Narrating Human Rights beyond the State

As international human rights law increasingly takes the transnational turn and becomes embedded in governance spaces beyond the state, what are the new stories that emerge with respect to its rules, regulatory dynamics, and actors? In his PhD thesis in International Law, Tomáš Morochovič uses insights from narrative theory to deconstruct the storylines of human rights protection in the transnational regulation of sports, the internet, and transnational corporations. As he explains further in this interview, this allows him to identify the “narrative moves” which make certain interpretations of human rights in the transnational governance space persuasive and compelling.

How did you come to choose your research topic?

I wouldn’t necessarily say that I chose my research topic but rather that I eventually arrived to it – it was a very iterative process. While the decision to look at how human rights obligations are being construed beyond the traditional confines of the state-citizen relationship was already formed during my master’s research at the University of Exeter, I only realised that this is simply one aspect of a more comprehensive shift in human rights governance after my first year at the Geneva Graduate Institute. 

As lawyers, we often tend to have a relatively narrow view of how law appears – in the form of a treaty, a statute, or perhaps a court decision. But what I noticed with international human rights law is that it increasingly appears in unexpected spaces that aren’t necessarily at the centre of attention for international lawyers. Despite the fact that it has become very difficult to generate new human rights agreements at the multilateral level, human rights language is becoming more and more common in the statutes of sports organisations such as FIFA or the terms and conditions of large online platforms like Facebook or X. I found this deeply fascinating, especially since this process of “transnationalisation” can be a way of reinventing or rejuvenating the human rights movement in light of on-going political pressures and well-founded critiques. Yet here I again have to emphasise the iterative nature of arriving at a research topic – I only identified this broader process of transnational human rights governance by learning more about theoretical accounts of international law, by going back and forth between what I look at and how I look at it, and by staying attentive to the big picture while analysing micro developments within the human rights field. 
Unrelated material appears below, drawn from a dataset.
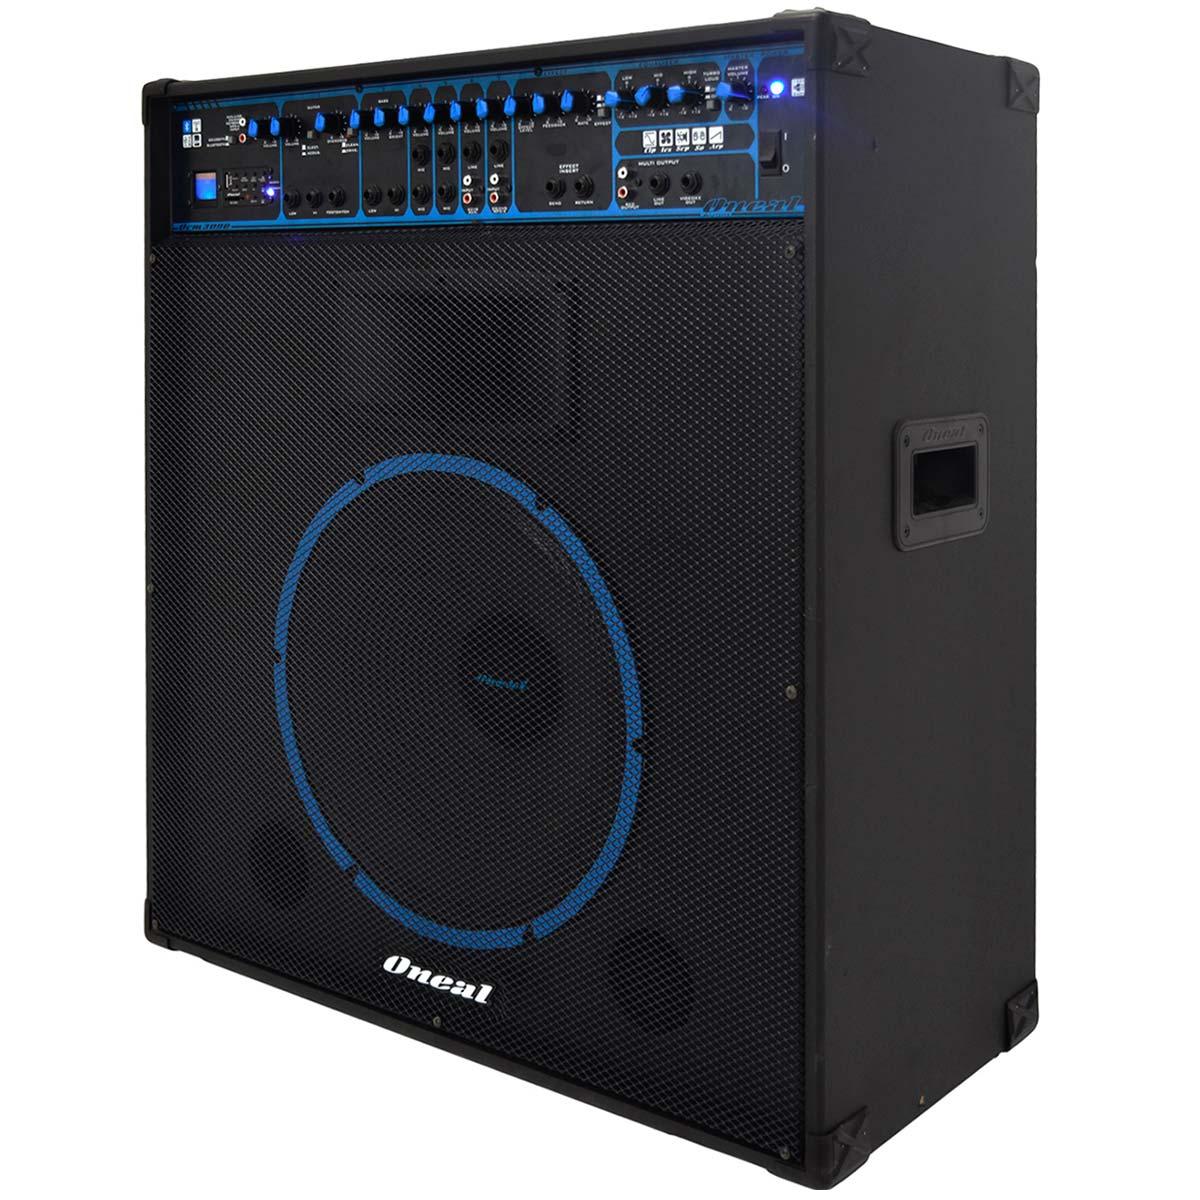 Cubo Multiuso Fal 15 Pol 300W c/ USB / Bluetooth - OCM 3090 Oneal
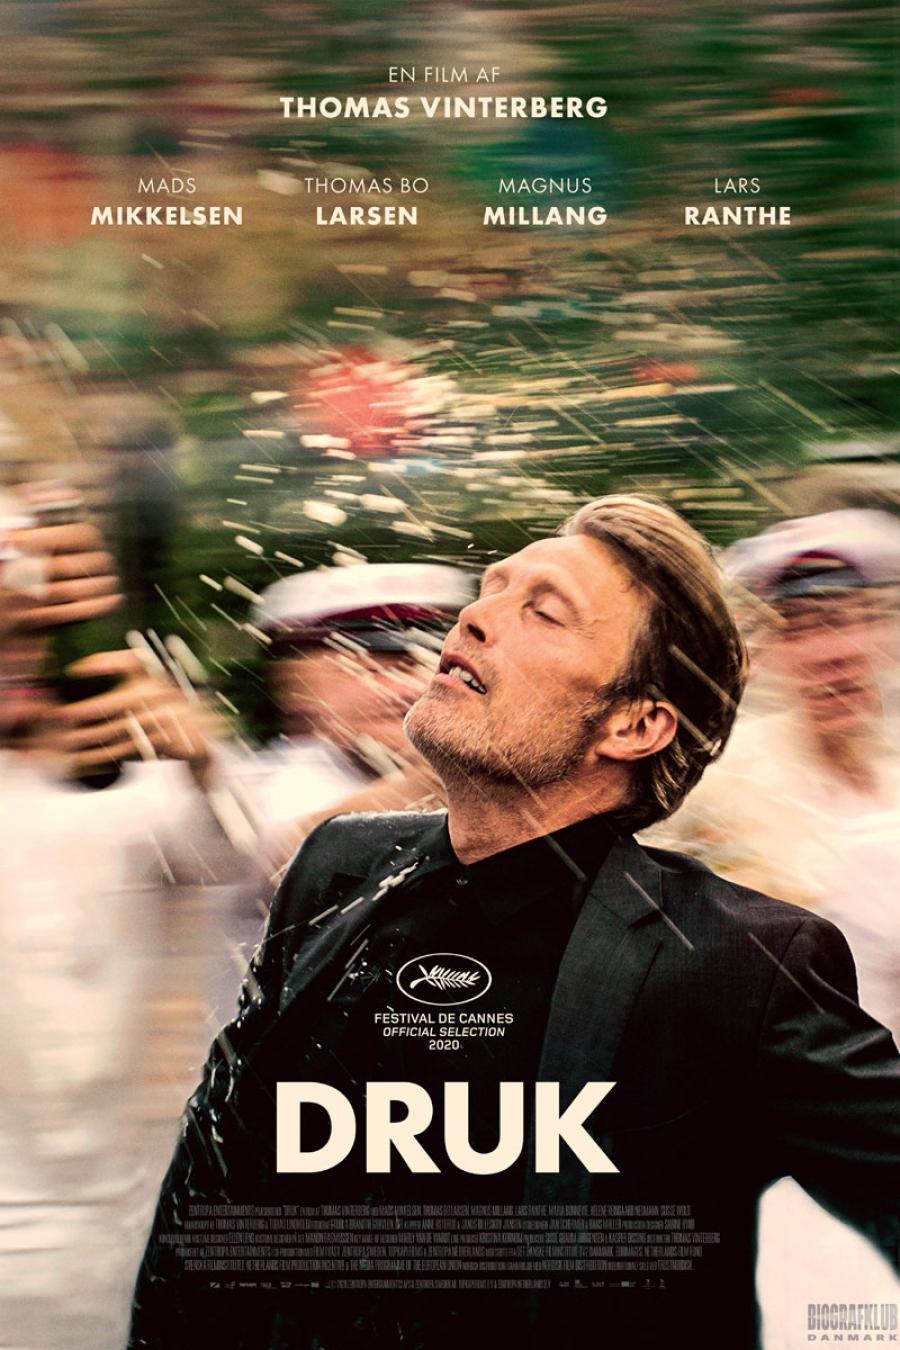 Still fra filmen 'Druk' med Mads Mikkelsen i forgrunden

Can you describe your thesis questions and the methodology you use to approach those questions?

My overarching goal was to account for this embrace of human rights language at the margins of international law and critically examine to what uses it is being put in a changing global governance context. As such, the key question that I sought to unpack is: How can we understand the process of transnationalisation of human rights through the lens of narrative? As I was not interested in figuring out what the law is in a specific area but rather in understanding how actors use it, this prompted a lot of reflection about what methodology I could use to explain what is essentially a social practice of regulatory stakeholders. Researching law and literature scholarship pointed me to narrative theory, and the concept of narrative proved highly productive. In many ways, storytelling is very similar to law – it seeks to persuade, to be compelling, but at the same time allows for plurality because the same story narrated by two people will often paint a different picture of events. Thinking of the transnational governance of human rights in terms of the narratives that stakeholders construct gave me a useful toolkit to explain how human rights norms are used as a strategic language, and especially so in a regulatory context where actors have more flexibility in how they engage and interpret these rules. 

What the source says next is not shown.